(Records drawn from a dataset)
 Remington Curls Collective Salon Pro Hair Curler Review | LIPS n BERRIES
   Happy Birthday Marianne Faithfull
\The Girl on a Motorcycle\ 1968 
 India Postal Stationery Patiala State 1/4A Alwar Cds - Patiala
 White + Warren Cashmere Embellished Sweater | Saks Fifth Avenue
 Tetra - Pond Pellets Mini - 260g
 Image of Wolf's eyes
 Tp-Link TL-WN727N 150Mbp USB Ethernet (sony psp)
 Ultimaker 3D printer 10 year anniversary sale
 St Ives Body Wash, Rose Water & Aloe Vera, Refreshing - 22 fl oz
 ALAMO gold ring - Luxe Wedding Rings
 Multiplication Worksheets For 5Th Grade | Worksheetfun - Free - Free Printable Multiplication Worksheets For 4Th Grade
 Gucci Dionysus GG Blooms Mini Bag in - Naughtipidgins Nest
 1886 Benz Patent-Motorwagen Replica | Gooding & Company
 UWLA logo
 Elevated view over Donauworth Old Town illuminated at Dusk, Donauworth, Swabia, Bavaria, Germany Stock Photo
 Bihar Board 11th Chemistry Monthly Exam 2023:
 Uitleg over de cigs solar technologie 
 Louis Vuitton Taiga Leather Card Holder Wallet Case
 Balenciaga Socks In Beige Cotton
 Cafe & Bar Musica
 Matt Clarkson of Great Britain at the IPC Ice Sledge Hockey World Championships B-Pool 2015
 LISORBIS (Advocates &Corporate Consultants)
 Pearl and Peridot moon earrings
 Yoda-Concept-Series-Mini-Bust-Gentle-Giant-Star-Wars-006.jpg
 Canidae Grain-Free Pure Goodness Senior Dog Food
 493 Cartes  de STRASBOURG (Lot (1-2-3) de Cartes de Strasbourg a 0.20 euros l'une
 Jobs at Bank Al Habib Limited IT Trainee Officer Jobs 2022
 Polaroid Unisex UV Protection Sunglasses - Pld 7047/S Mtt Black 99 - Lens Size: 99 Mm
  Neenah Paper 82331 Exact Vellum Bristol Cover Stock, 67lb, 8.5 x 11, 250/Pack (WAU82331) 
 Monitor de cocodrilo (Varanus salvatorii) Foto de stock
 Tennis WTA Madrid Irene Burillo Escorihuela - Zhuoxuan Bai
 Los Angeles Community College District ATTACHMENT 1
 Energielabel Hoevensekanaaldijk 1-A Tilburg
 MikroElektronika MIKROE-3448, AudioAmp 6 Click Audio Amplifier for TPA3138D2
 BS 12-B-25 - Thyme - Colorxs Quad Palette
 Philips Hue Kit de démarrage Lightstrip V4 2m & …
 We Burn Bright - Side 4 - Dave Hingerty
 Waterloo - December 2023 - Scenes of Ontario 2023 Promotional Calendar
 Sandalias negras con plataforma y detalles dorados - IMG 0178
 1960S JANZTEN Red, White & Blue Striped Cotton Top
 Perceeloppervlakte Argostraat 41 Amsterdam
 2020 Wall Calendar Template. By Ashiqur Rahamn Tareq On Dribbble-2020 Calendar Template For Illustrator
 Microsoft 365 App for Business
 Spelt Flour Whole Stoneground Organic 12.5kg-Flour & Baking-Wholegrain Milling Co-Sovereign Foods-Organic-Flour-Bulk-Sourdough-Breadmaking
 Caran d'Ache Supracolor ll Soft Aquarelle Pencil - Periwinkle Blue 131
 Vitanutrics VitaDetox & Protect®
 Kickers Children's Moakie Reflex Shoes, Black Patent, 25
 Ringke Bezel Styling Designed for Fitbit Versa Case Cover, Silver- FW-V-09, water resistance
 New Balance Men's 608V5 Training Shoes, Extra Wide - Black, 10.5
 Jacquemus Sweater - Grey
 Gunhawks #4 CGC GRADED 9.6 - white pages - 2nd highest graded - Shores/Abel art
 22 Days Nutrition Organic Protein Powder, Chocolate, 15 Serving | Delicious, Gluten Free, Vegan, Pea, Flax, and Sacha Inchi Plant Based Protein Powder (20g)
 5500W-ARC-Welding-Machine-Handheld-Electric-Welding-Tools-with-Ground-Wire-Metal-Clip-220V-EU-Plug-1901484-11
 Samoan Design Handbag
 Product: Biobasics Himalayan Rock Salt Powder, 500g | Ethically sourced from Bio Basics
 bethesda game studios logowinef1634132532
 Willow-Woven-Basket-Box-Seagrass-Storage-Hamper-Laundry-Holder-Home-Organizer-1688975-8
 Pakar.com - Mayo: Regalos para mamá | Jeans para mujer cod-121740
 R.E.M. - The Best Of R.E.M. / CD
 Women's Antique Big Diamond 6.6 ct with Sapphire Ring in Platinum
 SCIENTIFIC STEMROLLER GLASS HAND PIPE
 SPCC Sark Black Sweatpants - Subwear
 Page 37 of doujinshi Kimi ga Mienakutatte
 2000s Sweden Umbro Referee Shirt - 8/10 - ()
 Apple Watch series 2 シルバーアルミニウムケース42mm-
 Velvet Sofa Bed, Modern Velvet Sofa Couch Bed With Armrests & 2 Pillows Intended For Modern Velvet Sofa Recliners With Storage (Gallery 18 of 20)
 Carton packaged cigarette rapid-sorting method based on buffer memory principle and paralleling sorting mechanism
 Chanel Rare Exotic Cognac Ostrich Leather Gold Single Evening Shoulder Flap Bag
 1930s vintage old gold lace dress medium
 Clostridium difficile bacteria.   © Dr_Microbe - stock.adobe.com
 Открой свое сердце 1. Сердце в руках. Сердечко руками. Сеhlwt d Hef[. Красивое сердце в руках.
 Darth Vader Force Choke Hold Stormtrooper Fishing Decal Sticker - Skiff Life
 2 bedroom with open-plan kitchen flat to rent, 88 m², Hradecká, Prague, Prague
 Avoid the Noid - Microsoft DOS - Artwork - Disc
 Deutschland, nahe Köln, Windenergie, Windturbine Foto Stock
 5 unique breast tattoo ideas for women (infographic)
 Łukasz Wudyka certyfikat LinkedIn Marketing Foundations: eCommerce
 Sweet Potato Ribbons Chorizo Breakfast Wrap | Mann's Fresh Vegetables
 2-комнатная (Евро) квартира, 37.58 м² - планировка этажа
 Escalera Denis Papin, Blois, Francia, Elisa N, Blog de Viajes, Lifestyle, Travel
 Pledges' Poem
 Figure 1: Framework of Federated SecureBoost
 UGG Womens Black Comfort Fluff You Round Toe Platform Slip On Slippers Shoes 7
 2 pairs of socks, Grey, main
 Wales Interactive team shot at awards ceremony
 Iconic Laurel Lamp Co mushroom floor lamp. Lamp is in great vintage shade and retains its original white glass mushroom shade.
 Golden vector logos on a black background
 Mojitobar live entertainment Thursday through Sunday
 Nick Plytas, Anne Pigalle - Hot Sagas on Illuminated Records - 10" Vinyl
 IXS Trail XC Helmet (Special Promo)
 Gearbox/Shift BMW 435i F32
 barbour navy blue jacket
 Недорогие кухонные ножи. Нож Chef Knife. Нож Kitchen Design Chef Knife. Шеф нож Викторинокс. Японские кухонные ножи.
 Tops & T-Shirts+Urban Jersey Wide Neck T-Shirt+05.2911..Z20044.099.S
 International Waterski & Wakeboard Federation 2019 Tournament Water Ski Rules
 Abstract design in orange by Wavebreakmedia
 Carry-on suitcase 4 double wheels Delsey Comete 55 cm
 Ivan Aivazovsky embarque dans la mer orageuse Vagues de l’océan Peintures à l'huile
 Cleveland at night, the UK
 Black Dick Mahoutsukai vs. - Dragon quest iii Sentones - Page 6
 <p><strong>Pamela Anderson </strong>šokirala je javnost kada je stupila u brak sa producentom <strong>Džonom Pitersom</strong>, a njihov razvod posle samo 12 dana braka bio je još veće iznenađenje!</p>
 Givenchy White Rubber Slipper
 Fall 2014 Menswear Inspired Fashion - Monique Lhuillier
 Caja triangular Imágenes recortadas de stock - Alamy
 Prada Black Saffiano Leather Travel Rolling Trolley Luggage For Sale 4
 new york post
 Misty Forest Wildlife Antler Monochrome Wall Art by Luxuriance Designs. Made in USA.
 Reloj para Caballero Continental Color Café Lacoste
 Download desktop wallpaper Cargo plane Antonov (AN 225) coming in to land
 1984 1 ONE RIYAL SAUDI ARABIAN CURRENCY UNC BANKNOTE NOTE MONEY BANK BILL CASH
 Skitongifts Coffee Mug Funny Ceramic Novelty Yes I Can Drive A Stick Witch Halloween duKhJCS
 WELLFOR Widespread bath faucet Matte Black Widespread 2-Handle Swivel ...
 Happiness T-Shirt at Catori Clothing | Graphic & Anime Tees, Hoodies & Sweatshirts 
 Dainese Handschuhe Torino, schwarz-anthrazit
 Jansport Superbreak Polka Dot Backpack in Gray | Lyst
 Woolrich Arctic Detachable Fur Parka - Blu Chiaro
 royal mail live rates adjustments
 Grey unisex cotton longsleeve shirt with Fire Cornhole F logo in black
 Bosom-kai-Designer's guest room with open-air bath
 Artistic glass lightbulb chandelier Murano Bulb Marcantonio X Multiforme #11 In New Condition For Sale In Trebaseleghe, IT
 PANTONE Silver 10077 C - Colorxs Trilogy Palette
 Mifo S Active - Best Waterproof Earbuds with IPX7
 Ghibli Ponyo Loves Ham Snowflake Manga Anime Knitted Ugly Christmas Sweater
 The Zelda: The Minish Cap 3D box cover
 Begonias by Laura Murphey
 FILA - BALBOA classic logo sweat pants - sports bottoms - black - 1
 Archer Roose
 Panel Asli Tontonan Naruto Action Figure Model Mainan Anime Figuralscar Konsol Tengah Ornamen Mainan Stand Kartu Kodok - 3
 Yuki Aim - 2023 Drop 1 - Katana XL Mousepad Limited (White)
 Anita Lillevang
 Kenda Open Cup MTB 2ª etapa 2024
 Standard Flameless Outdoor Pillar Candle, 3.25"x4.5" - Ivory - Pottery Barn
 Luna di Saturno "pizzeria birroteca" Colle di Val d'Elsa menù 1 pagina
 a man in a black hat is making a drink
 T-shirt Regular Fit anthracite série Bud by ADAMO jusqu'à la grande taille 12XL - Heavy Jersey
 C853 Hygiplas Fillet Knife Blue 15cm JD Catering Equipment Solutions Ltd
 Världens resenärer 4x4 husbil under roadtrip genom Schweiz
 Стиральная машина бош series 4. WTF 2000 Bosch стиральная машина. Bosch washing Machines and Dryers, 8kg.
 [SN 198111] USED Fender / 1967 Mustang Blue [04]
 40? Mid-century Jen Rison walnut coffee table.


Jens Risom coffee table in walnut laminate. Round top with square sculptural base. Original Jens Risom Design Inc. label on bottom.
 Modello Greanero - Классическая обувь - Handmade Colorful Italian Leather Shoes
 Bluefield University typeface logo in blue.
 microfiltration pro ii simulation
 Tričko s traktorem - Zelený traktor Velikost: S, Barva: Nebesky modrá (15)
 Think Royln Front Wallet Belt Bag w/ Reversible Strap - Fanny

◆ WHAT IS NEEDED ◆
Among the records above, extract exactly the lines from the line with "Недорогие кухонные ножи." to the line with "Black Dick Mahoutsukai", both lines included, and leave out the rest.

◆ EXERCISE OUTPUT ◆
 Недорогие кухонные ножи. Нож Chef Knife. Нож Kitchen Design Chef Knife. Шеф нож Викторинокс. Японские кухонные ножи.
 Tops & T-Shirts+Urban Jersey Wide Neck T-Shirt+05.2911..Z20044.099.S
 International Waterski & Wakeboard Federation 2019 Tournament Water Ski Rules
 Abstract design in orange by Wavebreakmedia
 Carry-on suitcase 4 double wheels Delsey Comete 55 cm
 Ivan Aivazovsky embarque dans la mer orageuse Vagues de l’océan Peintures à l'huile
 Cleveland at night, the UK
 Black Dick Mahoutsukai vs. - Dragon quest iii Sentones - Page 6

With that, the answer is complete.